Welcome to PF, Matricaria!

I prefer the form of De Moivre's theorem (or rather Euler's formula) that says:
$$a + i b = r e^{i\phi}$$
where $a = r \cos \phi$
and $b = r \sin \phi$Can you solve your equation $z^n = a+ i b$ with this form of the theorem?

It also effectively gives you the answer to the third question.If you are really required to use De Moivre's theorem as is, you can rewrite the exponential powers into cosines and sines.

 

[Matricaria]

Thank you very much for your help!
I was supposed to use De Moivre's as it is.. So I did use the sin and cos form..
Anyways, I have another question..

I can't find the modulus and argument of X^4=1?
I used De Moivre's Theorem to find the four roots which are: 1, -1, i, and -i..
I also plotted the argand diagram but can't calculate r and theta since all four points are on the axes...

 

[HallsofIvy]

Then you have serious problems understanding what the "Argand diagram" is! Both "r" and $\theta$, for 1, -1, i, and -i, should be trival simply by looking at the Argand diagram. Now "calculation" required!

 

[Matricaria]

We learned to calculate r using Pythagoras y'know after joining the lines into a right angle, and calculate theta using tan opp/adj!
Can you elaborate??

 

[I like Serena]

Thank you very much for your help!

You're welcome!

We learned to calculate r using Pythagoras y'know after joining the lines into a right angle, and calculate theta using tan opp/adj!
Can you elaborate??

Let's try and generalize this a bit.

If you have z = x + i y, this corresponds to a point with coordinates x and y.
You can draw your Pythagorean triangle using this point.
Now your "adj" is equal to x, and your "opp" is equal to y.

In other words:

$\tan \theta = {opp \over adj} = {y \over x}$,

and $r^2 = x^2 + y^2$.Now let's take for instance your solution "i".
What is x? What is y?
What would therefore r be?
And what would $\theta$ be?

 

[Matricaria]

x=0 and y=1

theta = 90 degrees?

 

[I like Serena]

x=0 and y=1

theta = 90 degrees?

Yep!

And r?

 

[Matricaria]

r = 1!

 

[I like Serena]

r = 1!

Right! :!)

So what about 1, -1, and -i?
Any thoughts?

 

[Matricaria]

z=-1 ---> x=-1 , y=0
r= 1 theta= 90 degrees as well

z=i ----> x=0 , y=1
r= 1

z=-i ----> x=0 , y=-1
r=1
!

What about theta when x=0?
Because tan1/0 is an error...

 

[I like Serena]

r=1
!

Yep!

z=-1 ---> x=-1 , y=0
r= 1 theta= 90 degrees as well

Hmm, that can't be right.
What is the tangent of 90 degrees?
And what is y/x in this case?

What about theta when x=0?
Because tan1/0 is an error...

So what's the inverse tangent of 0.9999/0.0001?

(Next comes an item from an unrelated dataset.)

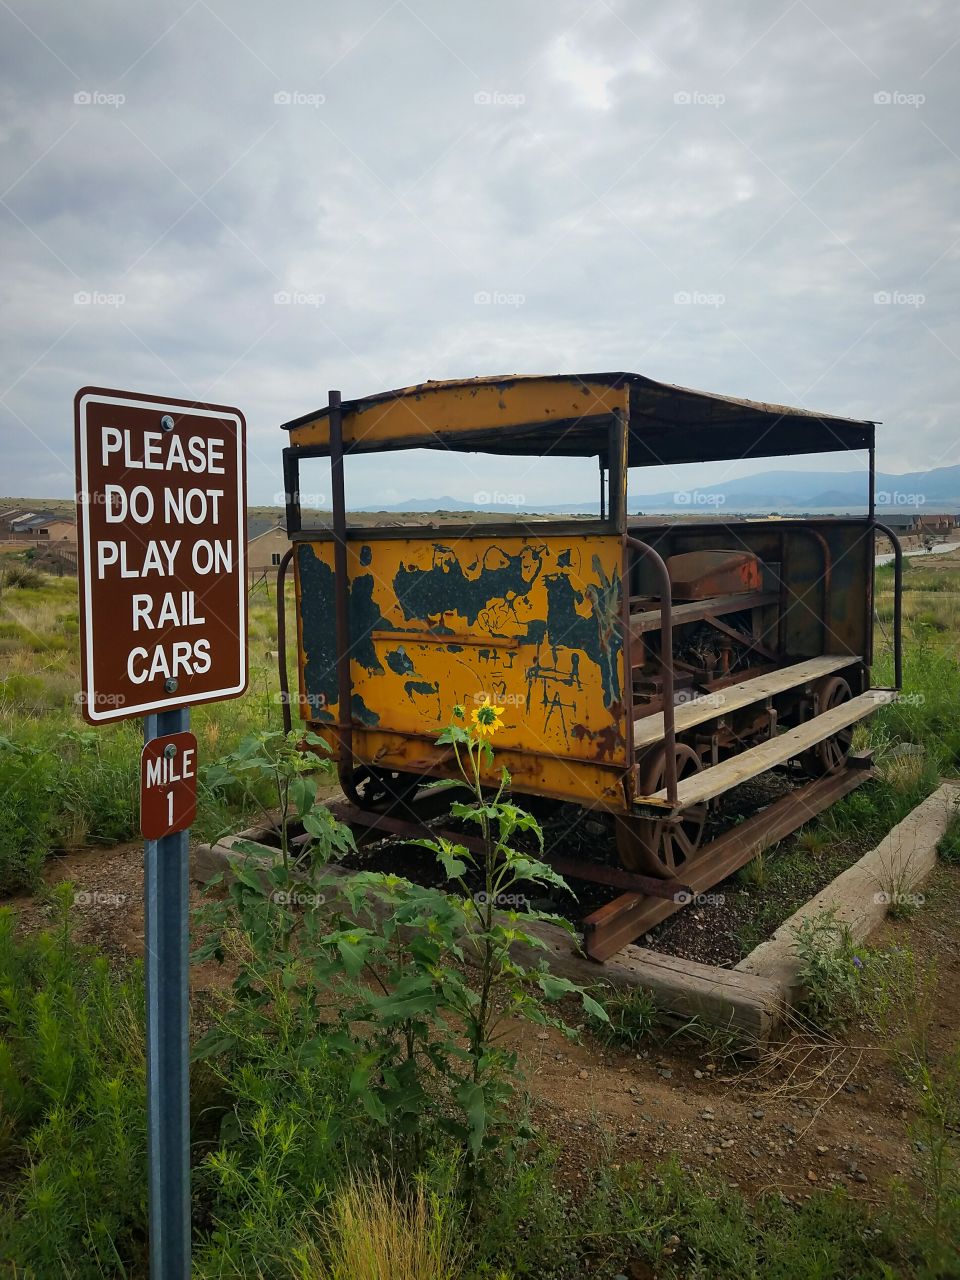 "Please do not play on rail car" sign and railcar.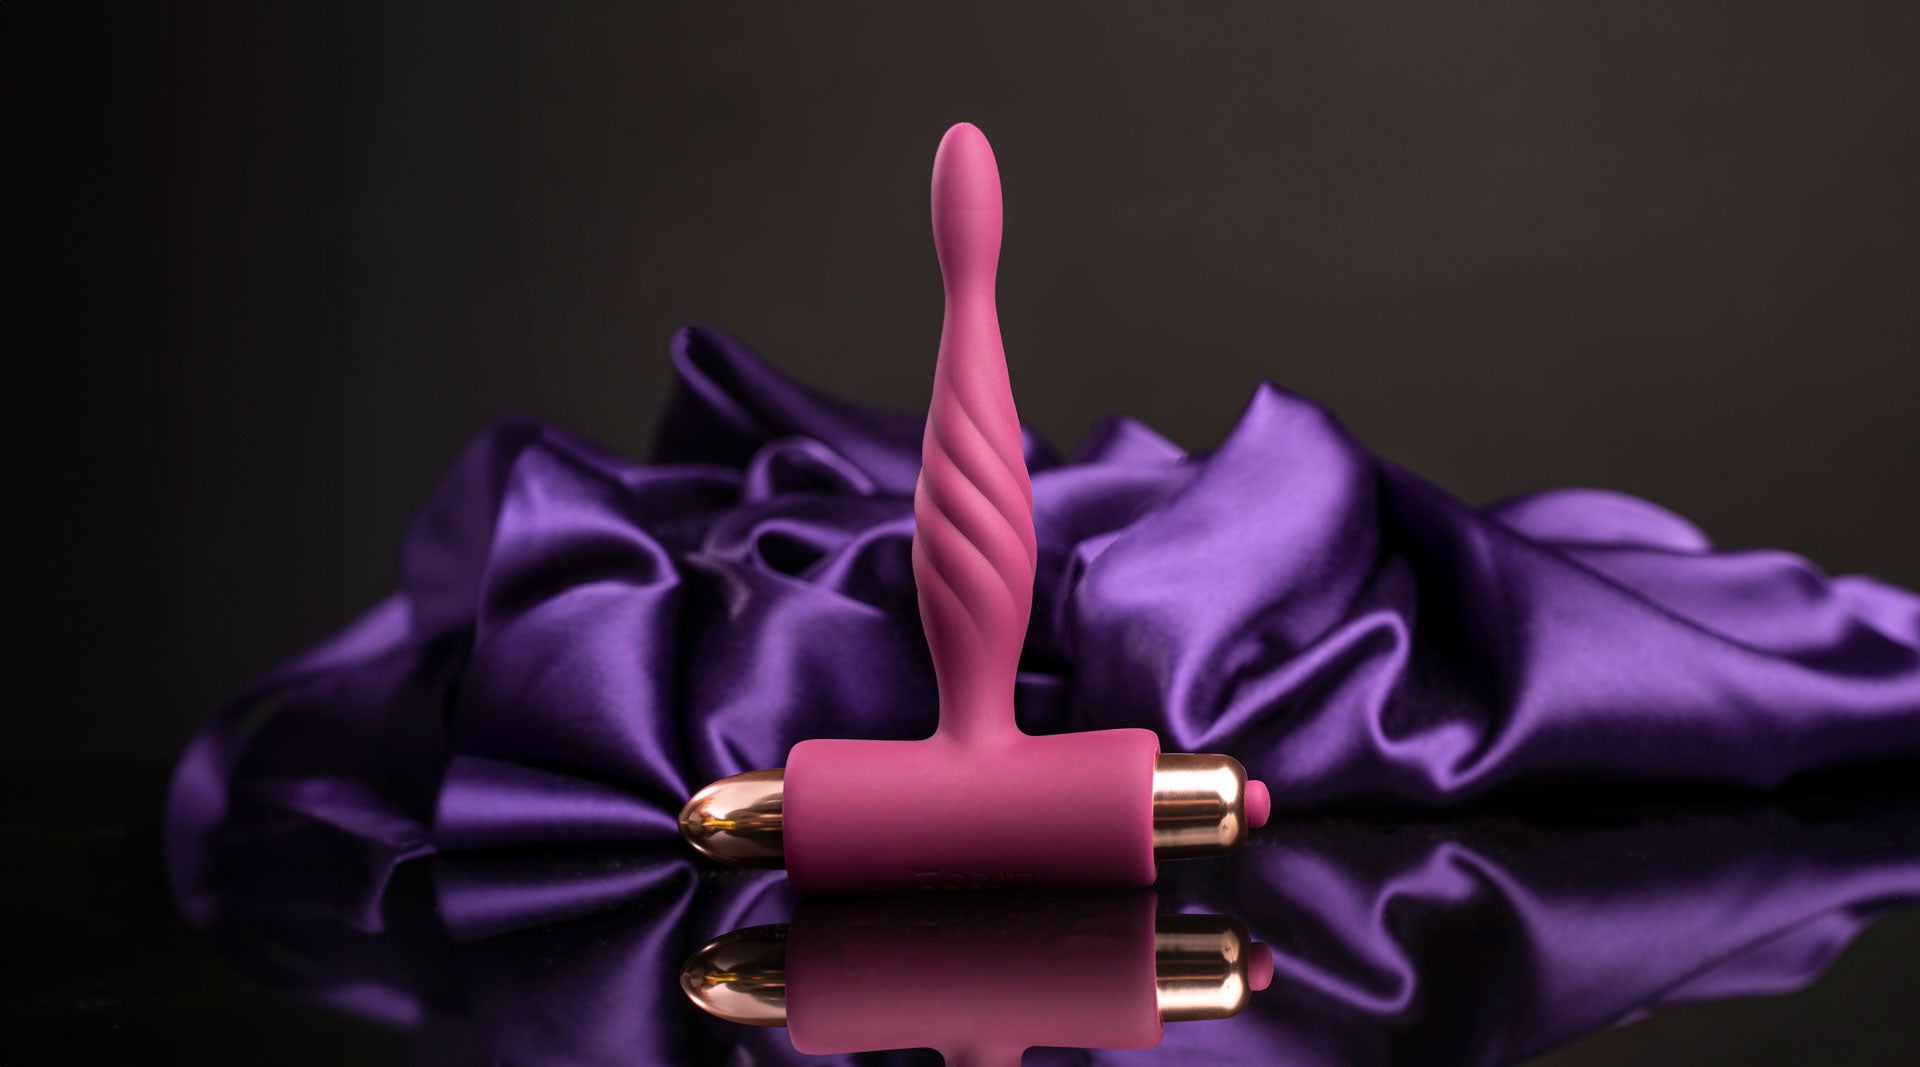 Super slim burgundy butt plug housing a removable rose gold bullet vibrator.

I recommend you take a look at the definition of the unit circle:
http://en.wikipedia.org/wiki/Unit_circle

I think it effectively answers your questions.

 

[Matricaria]

When z= -1, r= 1 and theta = 0??

And then z = i
x=0 and y=1
r=1 and theta= 90

And when z=-i
x=0 and y=-1
r=1 and theta = -90
?
Ok.. One last thing: I was supposed to come up with a conjecture after solvin' the three equations.. A conjecture for the distance/line segment, that is..
This is what I came up with: z^n = r*cis pi (n-2)/n
Is it any good?

Thank you very much for your help btw.. You're such a great tutor :)

 

[I like Serena]

When z= -1, r= 1 and theta = 0??

Almost.
theta = 180 degrees.

And then z = i
x=0 and y=1
r=1 and theta= 90

And when z=-i
x=0 and y=-1
r=1 and theta = -90
?

Yep!

Ok.. One last thing: I was supposed to come up with a conjecture after solvin' the three equations.. A conjecture for the distance/line segment, that is..
This is what I came up with: z^n = r*cis pi (n-2)/n
Is it any good?

Uhh...
I don't get it...
Which conjecture?

Thank you very much for your help btw.. You're such a great tutor :)

 

[Matricaria]

Use de moivre's theorem to obtain solutions for z^3-1=0
Use graphing software to plot these roots on an argand diagram as well as a unit circle with centre origin.
Choose a root and draw line segments from this root to the other two roots.
Measure these line segments and comment on your results.
Repeat the above for the quations z^4-1=0 and z^5-1=0. Comment on you results and try to formulate a conjecture.

 

[I like Serena]

Oh.
Didn't you in your original problem have z^n = i?
Is this the same problem?

Anyway, you seem to have skipped a step.
Did you measure line segments from one root to another?
Shouldn't your conjecture be about the length of such a line segment?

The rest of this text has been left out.